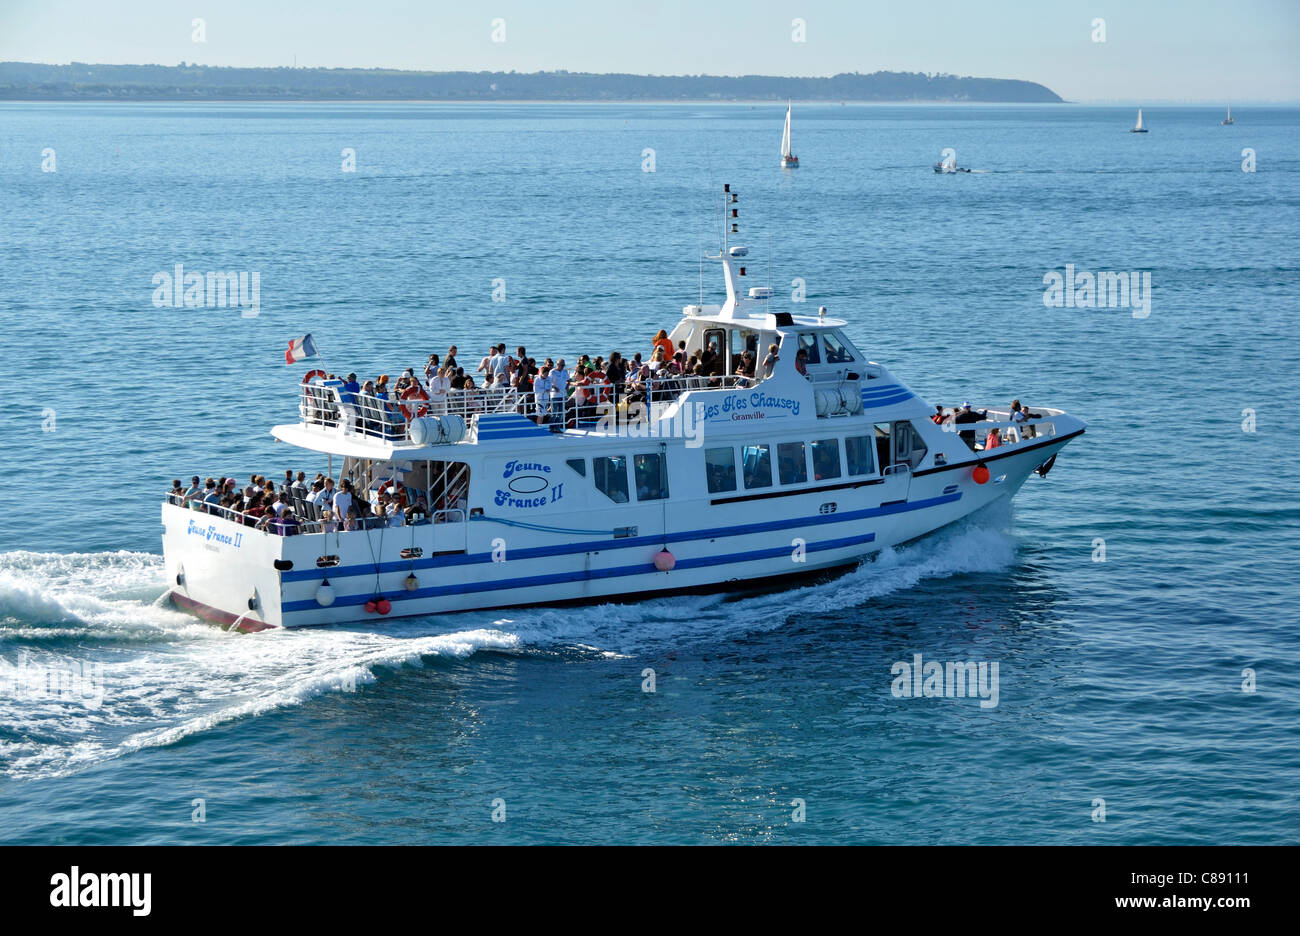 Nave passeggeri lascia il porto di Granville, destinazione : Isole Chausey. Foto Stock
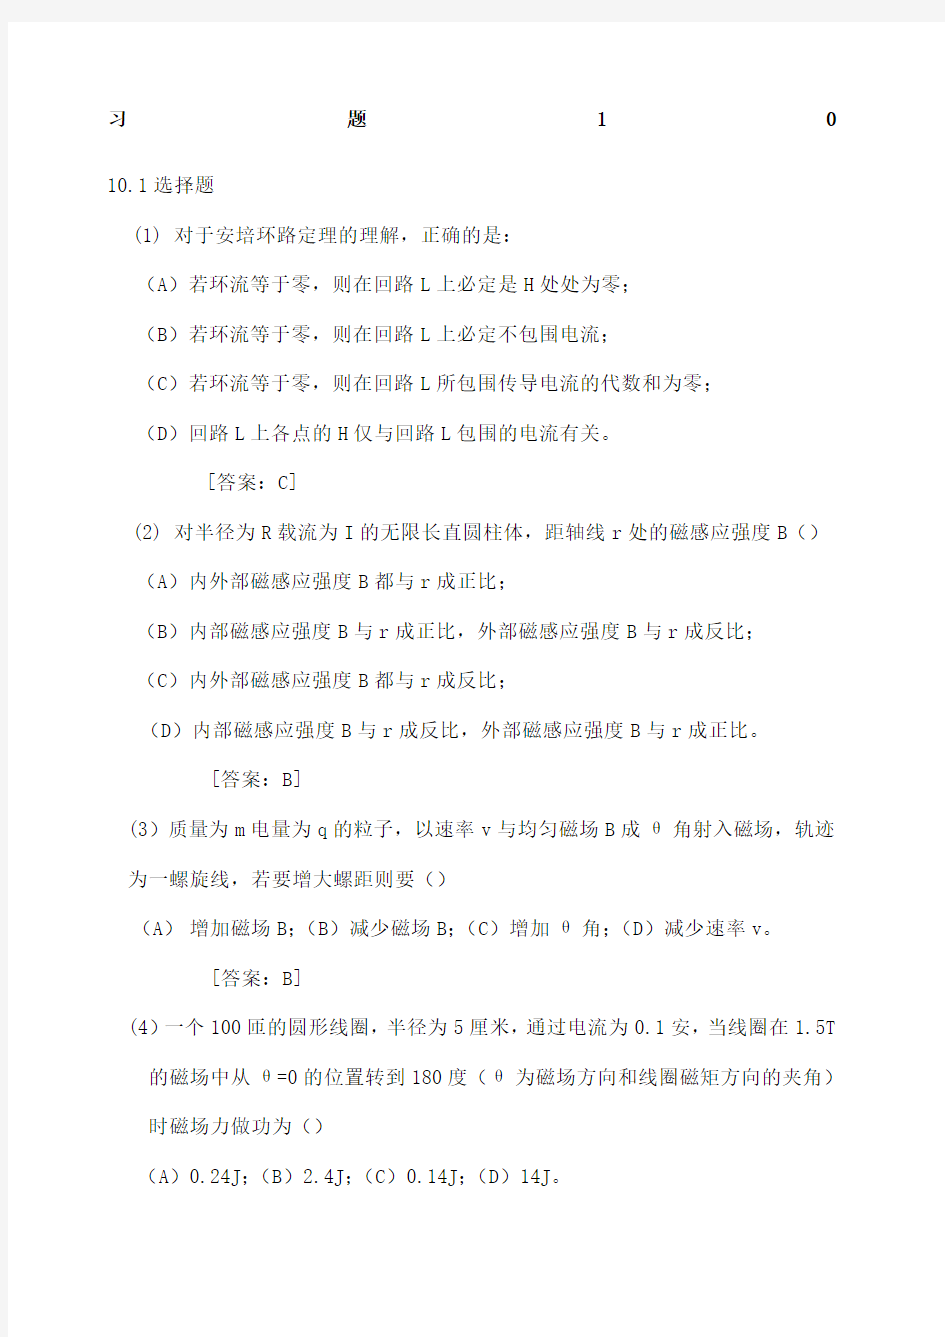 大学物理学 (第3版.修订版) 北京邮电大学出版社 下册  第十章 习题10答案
○ ○ ○ ○ ○ ○ ○
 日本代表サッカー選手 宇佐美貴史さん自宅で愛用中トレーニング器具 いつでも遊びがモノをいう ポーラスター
○ ○ ○ ○ ○ ○ ○
[ASSIGNMENT]
Exactly the lines starting at the one above with "Nave passeggeri lascia" and ending at the one with "大学物理学 (第3版.修订版) 北京邮电大学出版社" should be printed, and nothing else. Omit the pictures.

[EXERCISE OUTPUT]
 Nave passeggeri lascia il porto di Granville, destinazione : Isole Chausey. Foto Stock
 大学物理学 (第3版.修订版) 北京邮电大学出版社 下册  第十章 习题10答案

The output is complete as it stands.